# How do you get consistent cones?



## Eddie (Jan 16, 2018)

I'm new to this.Have been enjoying shooting the blowgun and darts I made but all of my cones are different lengths. What's a east way to make paper cones and them all be the same size? Mine are still fairly accurate but I could fine tune the accuracy if I could get some consistency.


----------



## JTslinger (Oct 21, 2015)

Run to a hardware store and get a plumbob.


----------



## Slingshot Silas (Jan 28, 2018)

And then...........?


----------



## JTslinger (Oct 21, 2015)

Use that to form the cone with paper or thin duct tape.


----------



## Ridge Runner (Jan 2, 2019)

To make hollow film cones: An alternative to cork style bore seals.
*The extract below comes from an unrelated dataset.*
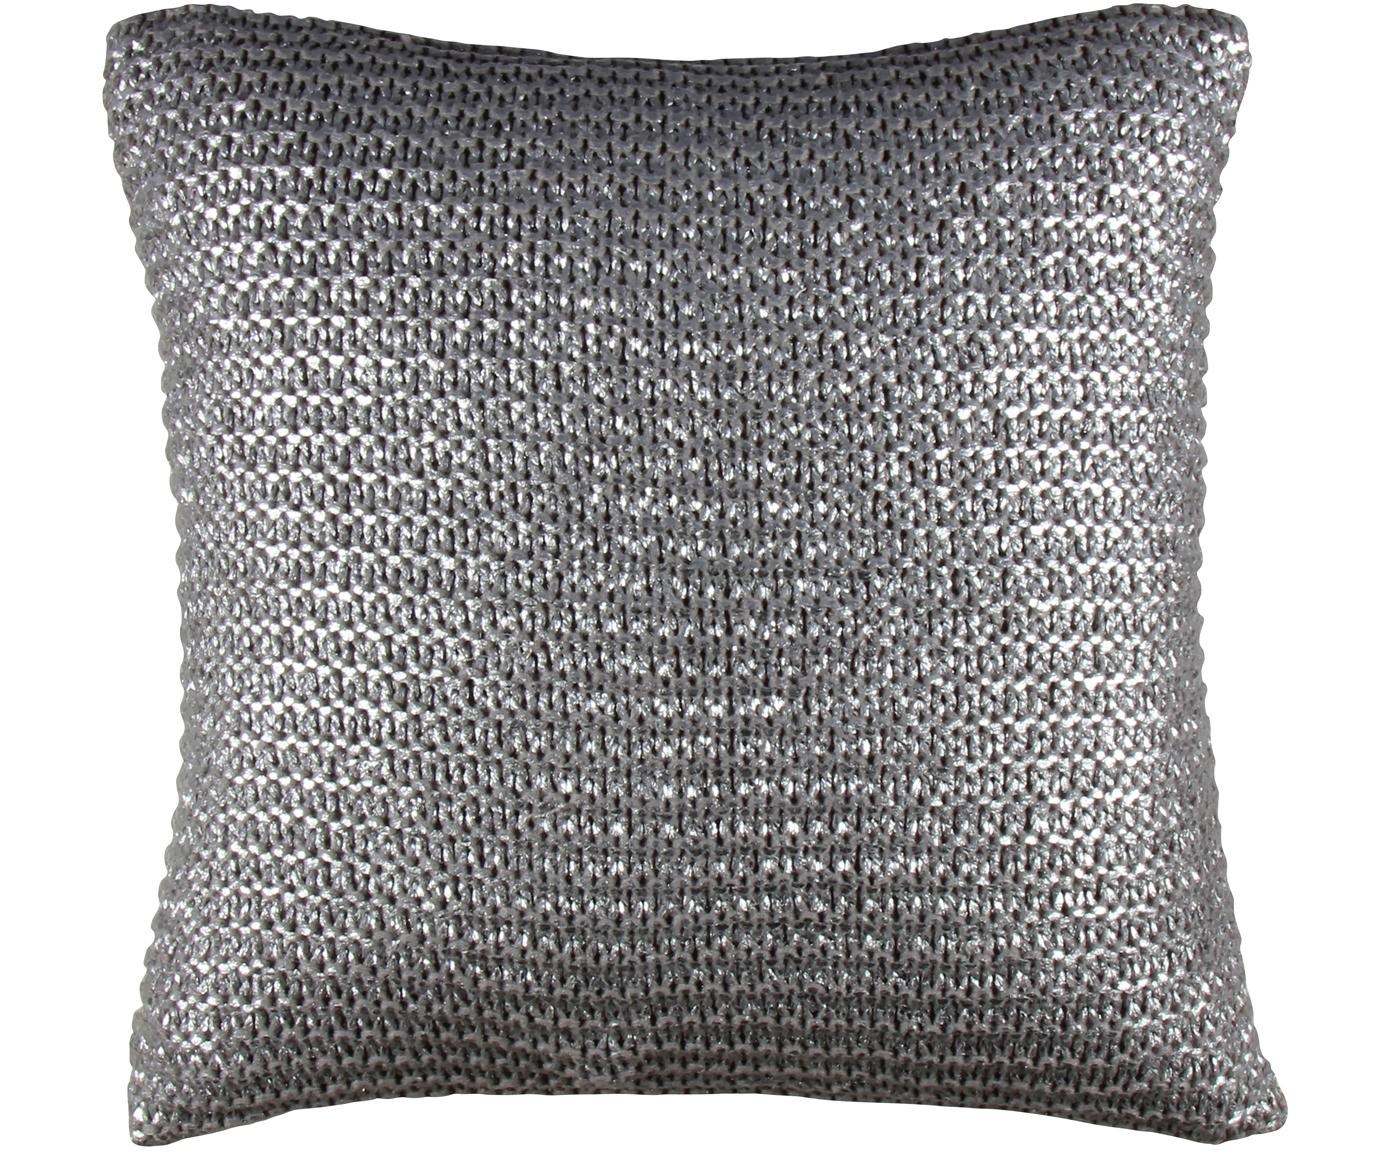 Schimmernde Kissenhülle Armour in Silber/Grau, Vorderseite: Acryl, Polyester, Rückseite: Baumwolle, Grau, 45 x 45 cm

Select and set up a proper cone form. Some have successfully used items such as a Plumb bob, Funnel, form molded in a countersink hole or from some other existing cone shaped item. If you have a male form and want a female form make the required form from the available form. 
Select your forming material. Some possibilities include: Sheet protectors, Parchment, Vellum, Tyvek, Paper, etc. If using tape you will modify these instructions significantly.
Form your initial cone with the tail longer than required around the entire perimeter. 
Make adjustments to the shape of the angle at the point of the cone to provide the amount of overlap you desire for adhesive bond.
Form the first cone with mild adhesive or temporary tape.
Place your blowgun over the cone and mark where the cone meets the blowgun bore. Often accomplished by pressing lightly and twisting contact.
Remove the formed cone from the form.
Cut the tip from the cone about 90-99% of the size to allow the shaft to securely fit in the formed cone.
Break the adhesive bond to open the new cone. This will become your initial pattern.
Lay the pattern flat and cut that portion that was outside the blowgun bore to form your template or pattern for cone materials.
Your pattern should look something like a pie piece removed from a large fender washer with the overlapping tab whatever extended shape you design to facilitate edge bonding.
Make an adequate stack of cut shaped material. Your first batch should be small enough that you are not frustrated if the second batch needs slight modifications.
Wrap your form with cut pieces and line up the skirt edge while bonding the cones individually.
Remove and repeat to create your stock of raw cones from your stock of cut shapes.
Allow bonds to cure as appropriate.
Make a frame to hold shafts in place as cones bond to shafts. One option is a board with holes for shafts drilled in a grid pattern. Another is a platform with shafts laying horizontal and tail ends over the edge slightly. Finally a pattern of holes through an elevated shelf with tips below and cones facing down into countersink holes.
Attach cones to shafts and bond and allow to secure appropriately.
Store fabricated darts in proper conditions.


----------



## THWACK! (Dec 29, 2014)

MarleneAlelo said:


> 4.2 grains below max is very low bump that charge up to the published minimum and then see what you get. the other question is, Is this a semi or a bolt gun??


Umm, Marlene, you posted to the wrong forum. That's why you haven't received any responses. Now go to the Bodybuilder Forum and try again.

; )


----------